• [Source data]:
□ □ □

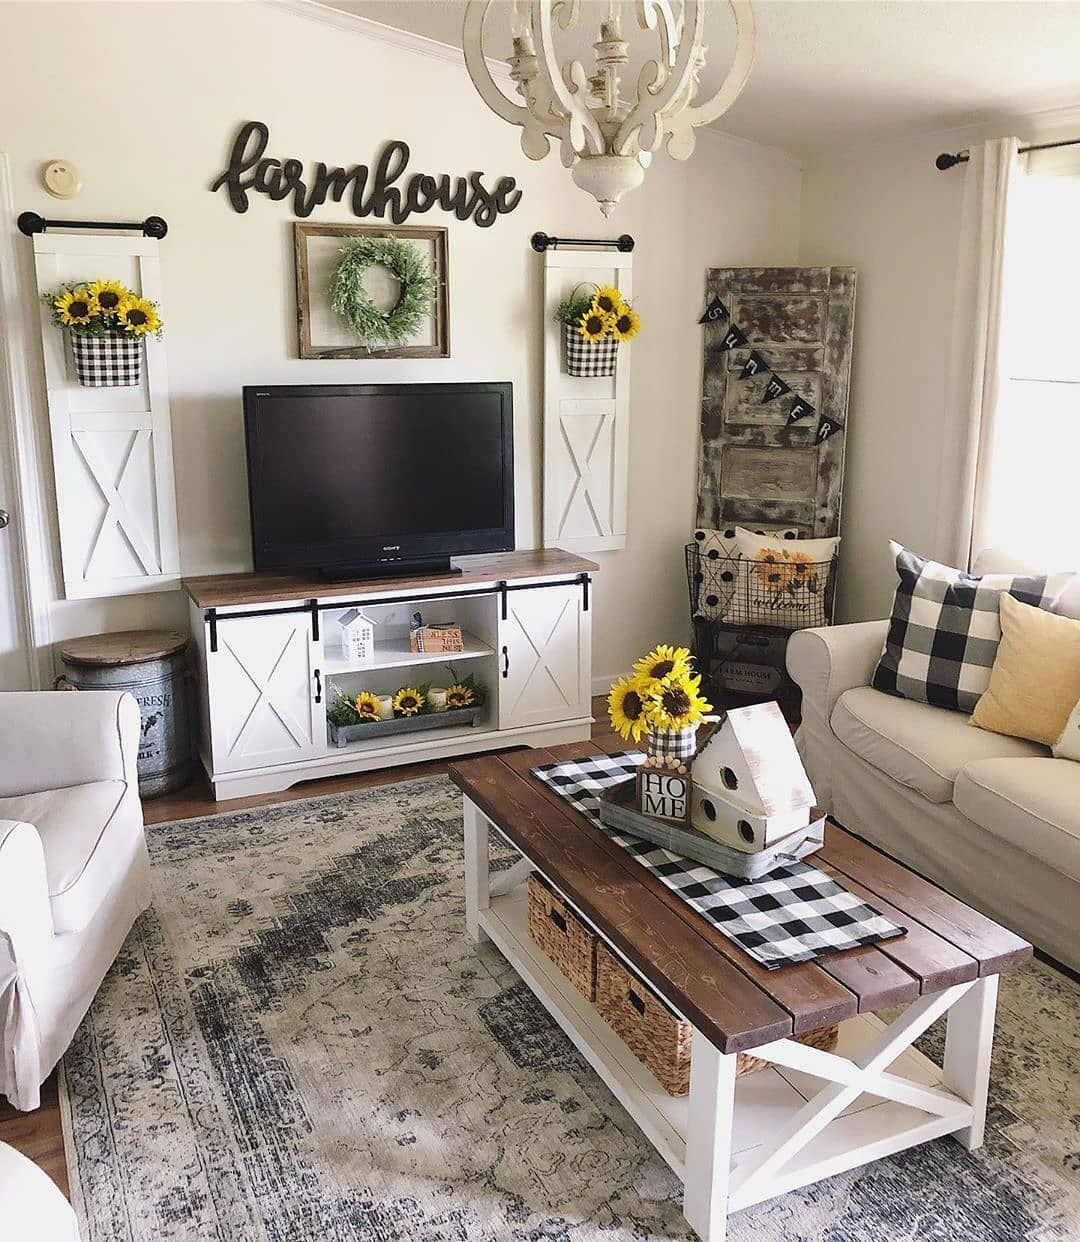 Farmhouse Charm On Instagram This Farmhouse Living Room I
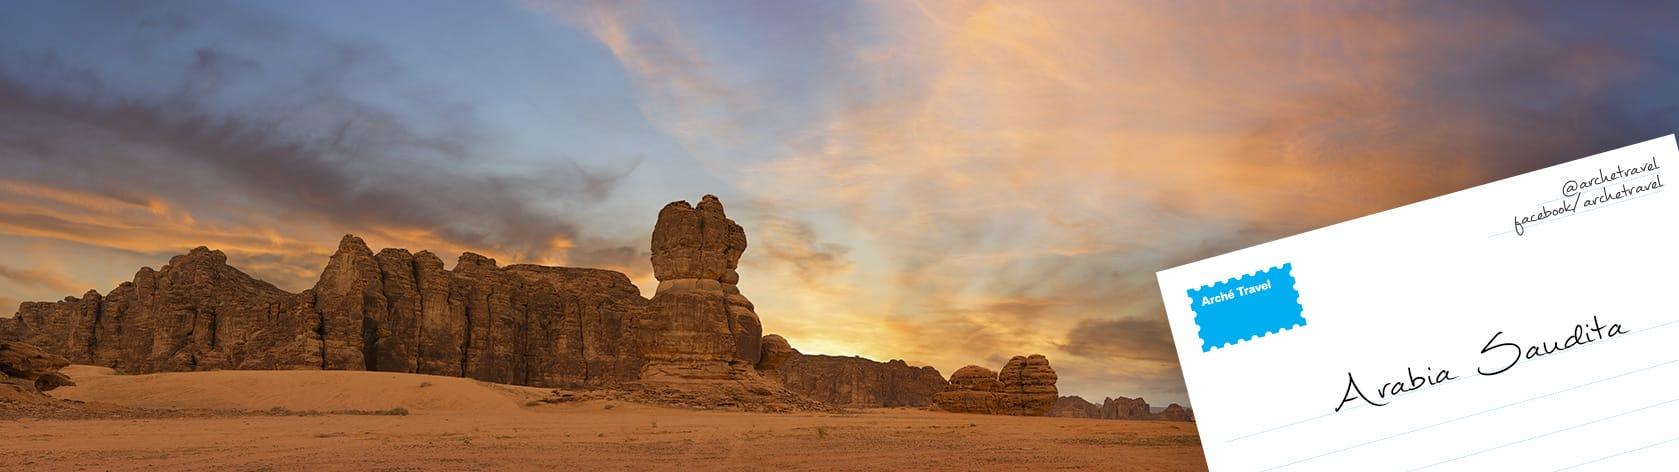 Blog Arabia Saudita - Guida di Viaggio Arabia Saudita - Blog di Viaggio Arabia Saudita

□ □ □

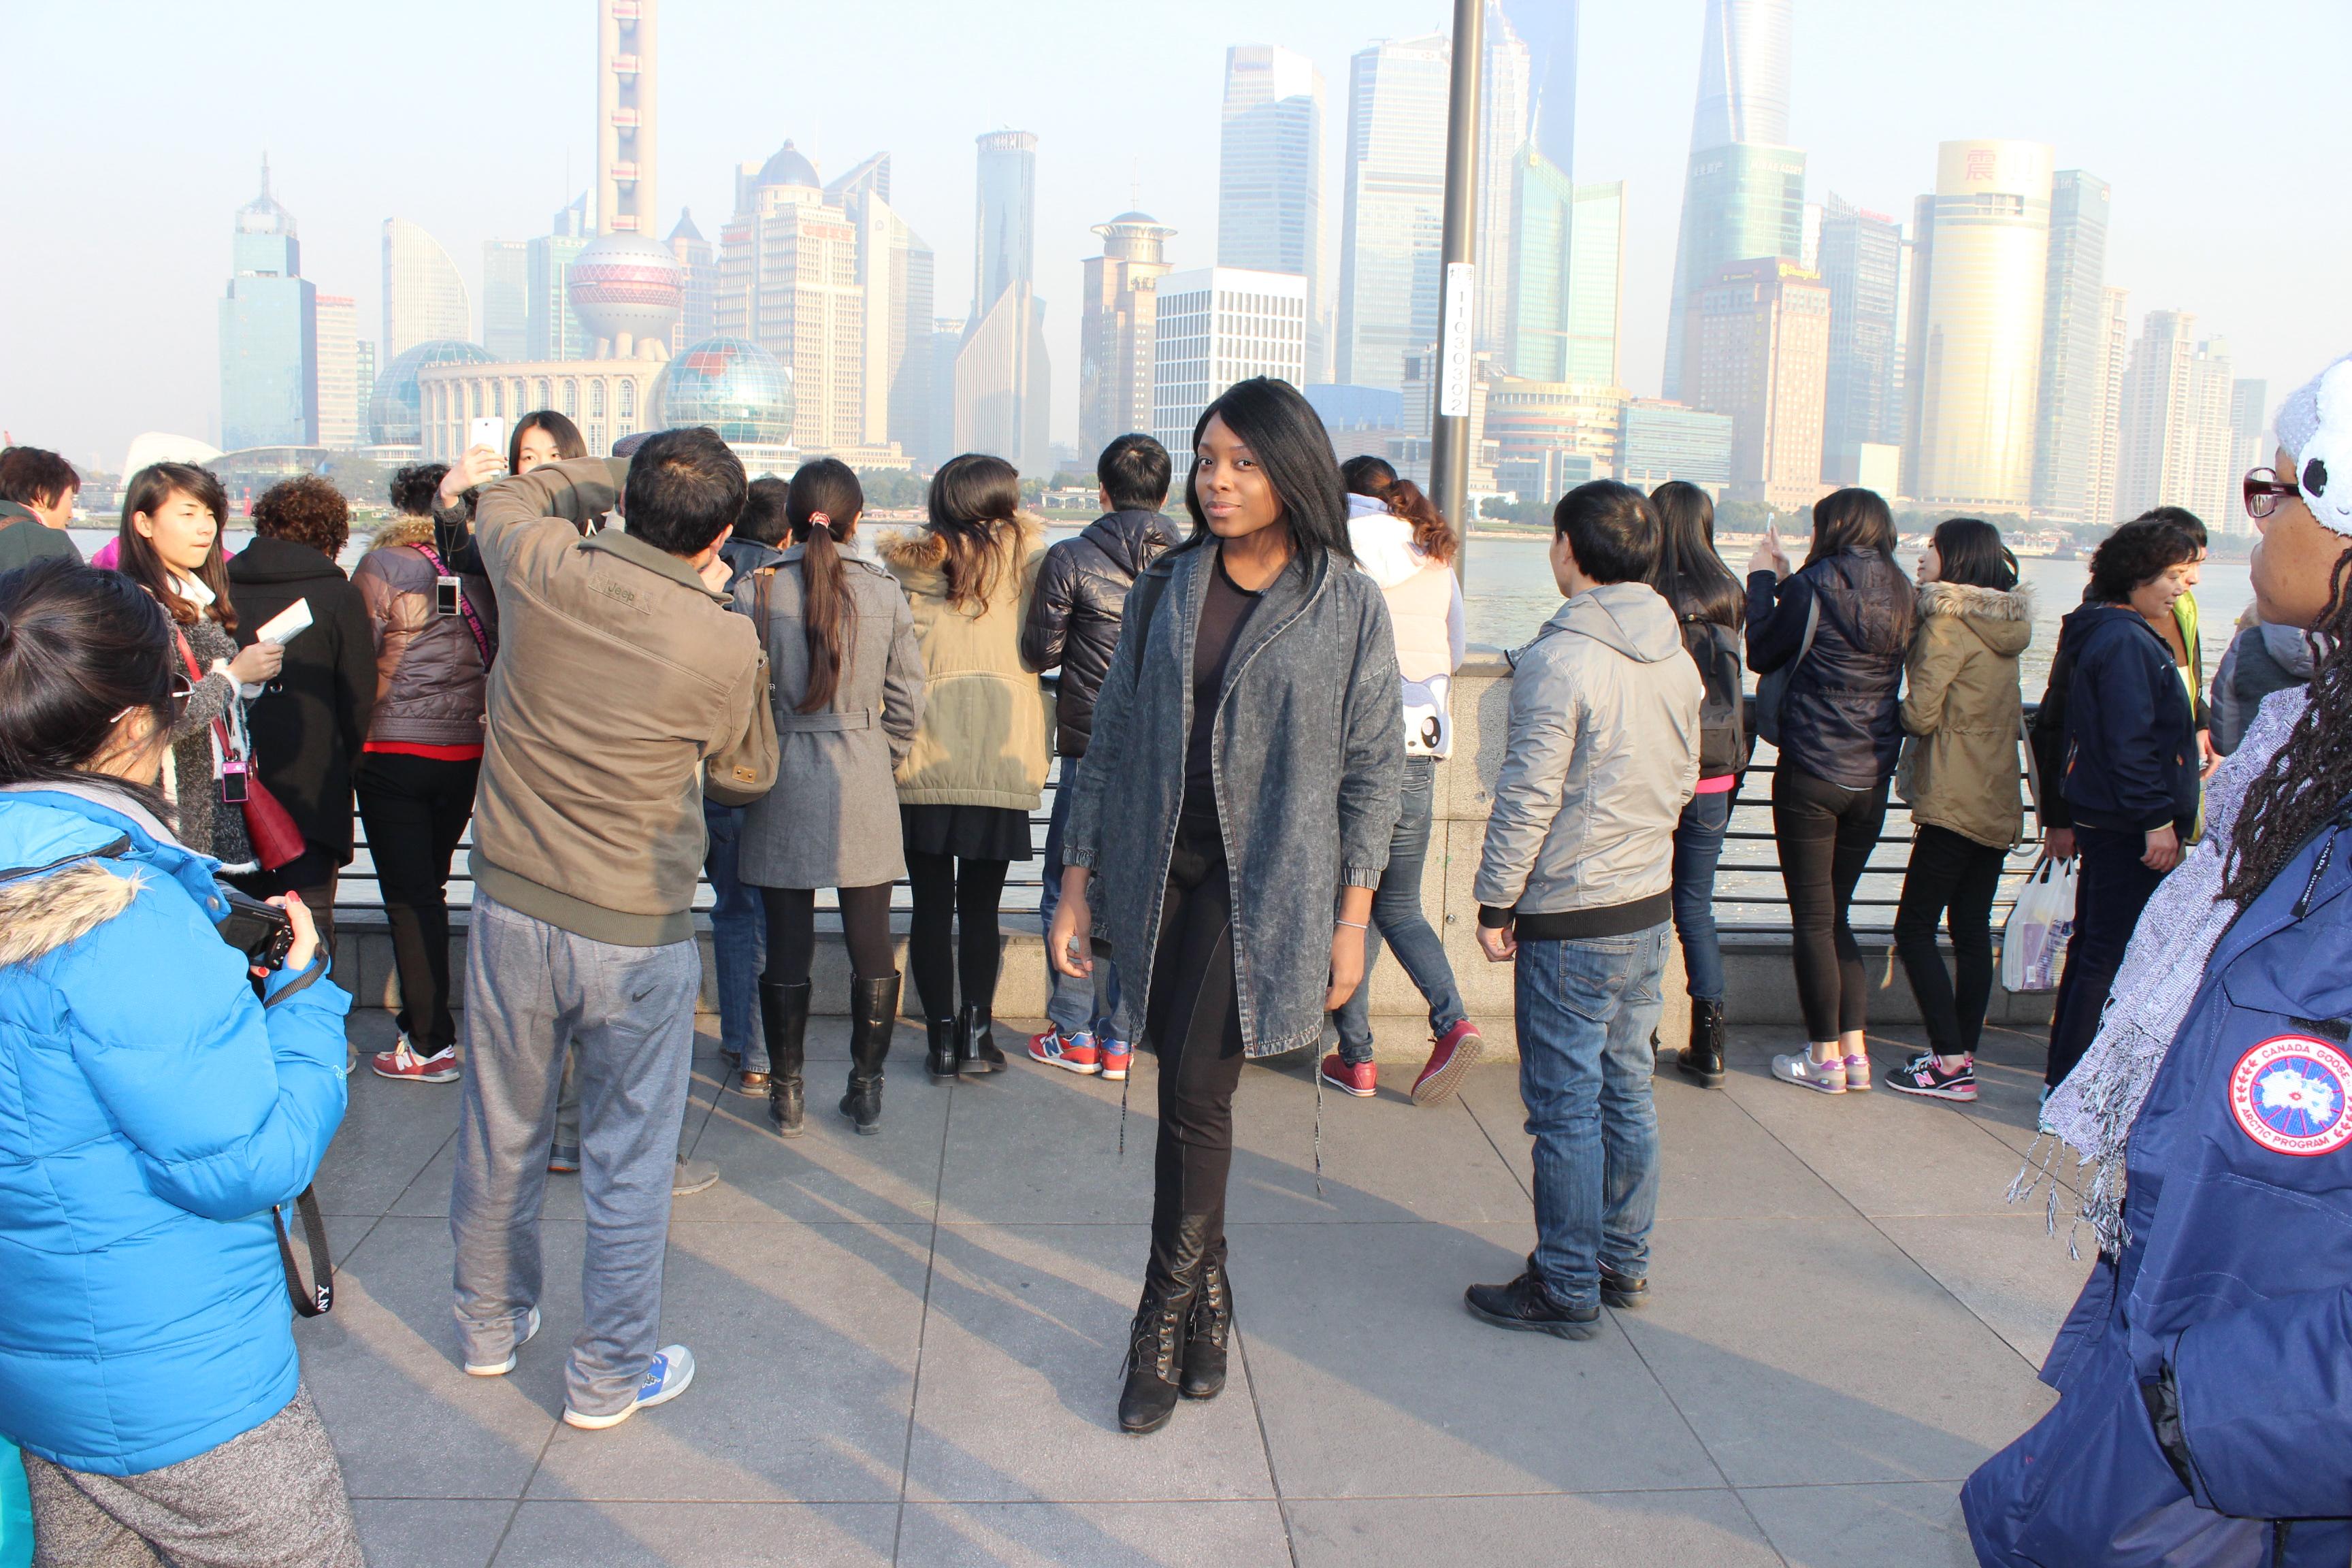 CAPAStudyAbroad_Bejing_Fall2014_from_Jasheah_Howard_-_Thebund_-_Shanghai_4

□ □ □

• [Instructions for the task]: Nothing but the lines above, starting at the line that contains "Farmhouse Charm On" and ending at the line that contains "Blog Arabia Saudita", should be given again, exactly and without the pictures.

• [Output for this exercise]:
 Farmhouse Charm On Instagram This Farmhouse Living Room I
 Blog Arabia Saudita - Guida di Viaggio Arabia Saudita - Blog di Viaggio Arabia Saudita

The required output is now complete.